Monday, March 20, 2017

The Power of Relationships

By our second night in Poland, I felt like in the short time we had been there, we had already learned so much.

Though we were warned we would be jumping right into everything, I didn’t know what to expect. However, I can say that it definitely wasn’t the desecrated Jewish cemetery that we started our Oswiecim tour at shortly after our arrival at the Center for Dialogue and Prayer. Before we entered the cemetery, a naive thought crossed my mind – something like, “Wow, it’s amazing that this is still here,” thinking it was going to be a somewhat normal cemetery. Unfortunately, I quickly realized that this was not the case. Walking through it, past the chalk-numbered tombstones, crooked and close together, no longer marking where their corresponding bodies are actually buried, I was shocked, though with everything we’ve learned I probably shouldn’t have been. The Nazis had not only tried to break the spirit of the living Jews – exterminating them wasn’t enough; they also tried to destroy their memory. I think just seeing the destruction, seeing the pieces of broken-up stones that once commemorated the lives of human beings, seeing that in person, was just kind of insane. However, they didn’t succeed in this goal. The white-chalk numbers were written by those who volunteered to work towards restoration of the site to mark and count the stones. They didn’t succeed in destroying their memory. I thought that the Polish custom of leaving little lamps on the gravestones was beautiful, and especially considering how there is no longer a Jewish population here in Oswiecim, I thought it was amazing that there was a good number of these lamps around the cemetery. To me, this represents the progress that’s been made since the Shoah. Seeing how non-Jewish Poles still visit this cemetery, a site they could become desensitized to and forget about as it is in their neighborhood, and witnessing how they leave the lamps at these tombstones, still honoring their memory today, provided a little bit of light in the darkness of the still-present destruction.

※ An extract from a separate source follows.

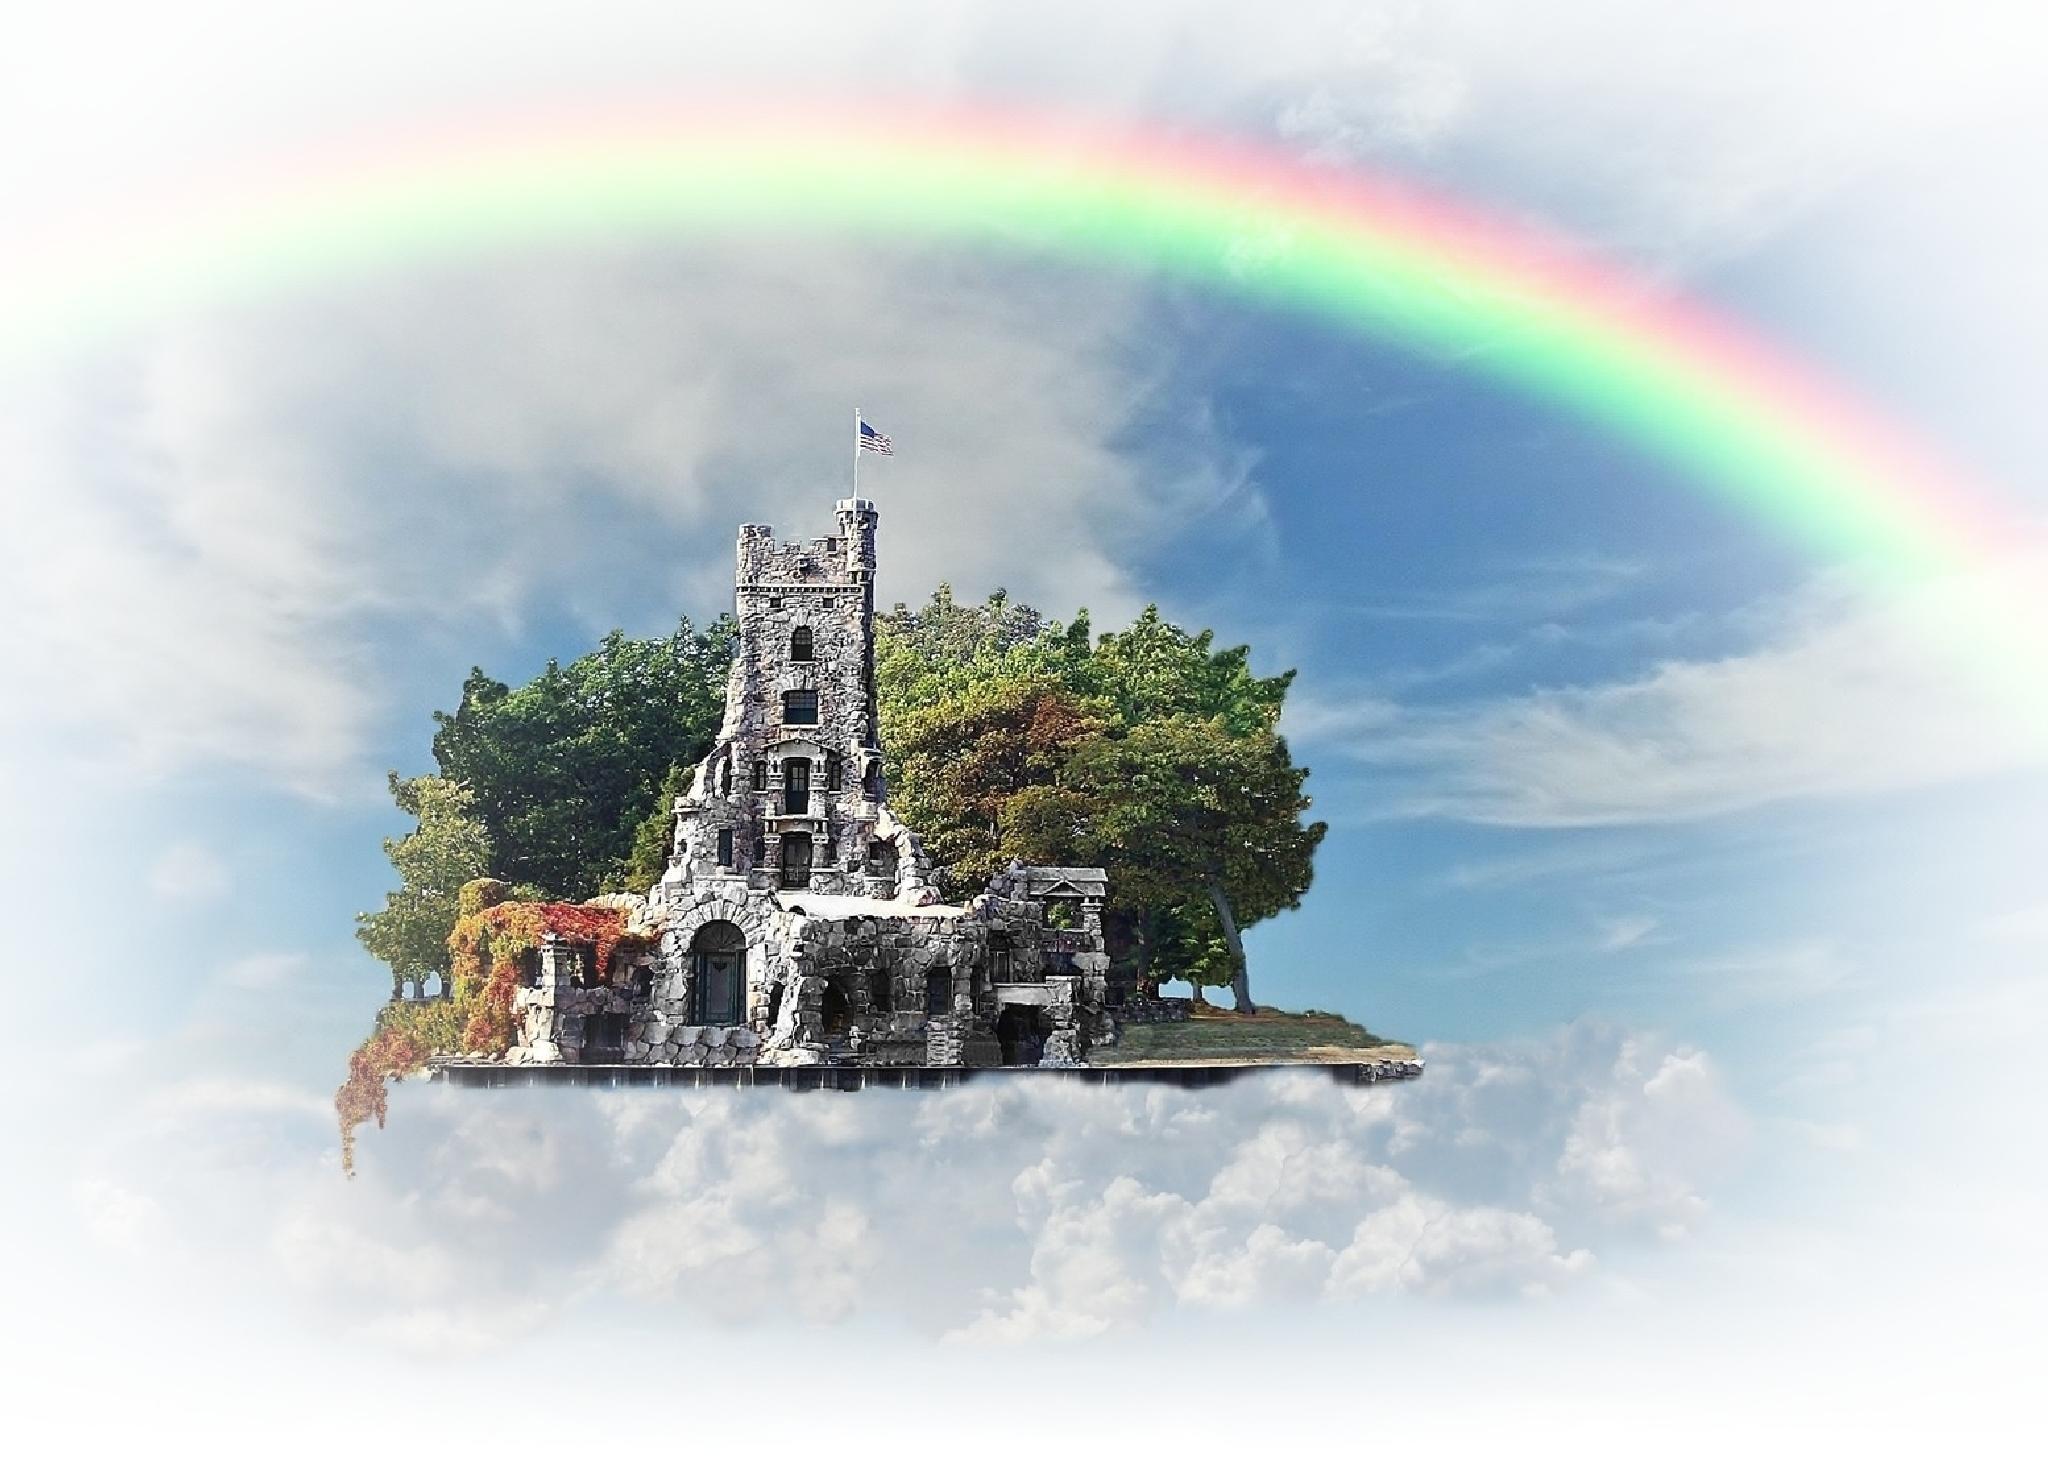 Dream Castle by Sorin Panait

            Someone who played a big role in this visible progress was Saint Pope John Paul II. I was so excited to go to Wadowice and see the town he grew up in and to visit his home and the parish he was raised in, the place where his faith was fostered. Arriving in Wadowice and going to see his high school was a very cool experience, but visiting the Old Synagogue and hearing the story of Lolek and Jurek was incredible. I thought it was a fascinating story – one full of friendship and hope – and it definitely shows the power that strong relationships create. They were childhood friends, Karol Wojtyla/Pope John Paul II (Lolek) and Jerzy Kluger (Jurek), and one particular story told of how when Jurek got his acceptance letter, the two were so happy they would be attending high school together. They understood from a young age that they were equals, and their religious difference didn’t stop their great friendship or the good relations between their families. However, after they graduated from high school, the war caused them to lose touch, as Jurek had to leave Wadowice with his father to escape capture and a terrible fate. He joined the Polish army heading towards Russia and survived the war. In 1951, he ended up in Rome with his wife, and when John Paul II went to Rome in the 1960s for the Second Vatican Council and was made a Cardinal, the two reconnected. Amazingly, their bond was so strong that it was as if time had never passed, and after all that had happened and all they had gone through separately, they came together in mutual love, understanding, and respect and worked towards mending Jewish-Christian relations.
Klugar contributed a lot to the impact that John Paul II was able to make during the Second Vatican Council, which can be seen in the Nostra Aetate that Pope Paul VI published in 1965. It is a “Declaration on the Relation of the Church to Non-Christian Religions.” This document specifically highlights that Jews are not to blame for Jesus’ death, and it points out similarities as well as promotes respect between different religions. This story of friendship is so powerful – the two men went from being childhood friends to being an unbeatable team that worked towards unity after a long war that encouraged disunity. I wish it was a more well-known story because I feel like it has the power to open a lot of minds to the idea of how powerful human relationships can be and are. This depiction of the power relations can hold only reinforces why the reparation of Jewish-Christian relations is so important. Restoring the relationship between Jews and Christians and mending it into one that embodies understanding just as Lolek’s and Jurek’s did can help to create a more respectful and peaceful environment and promote mutually beneficial conversations.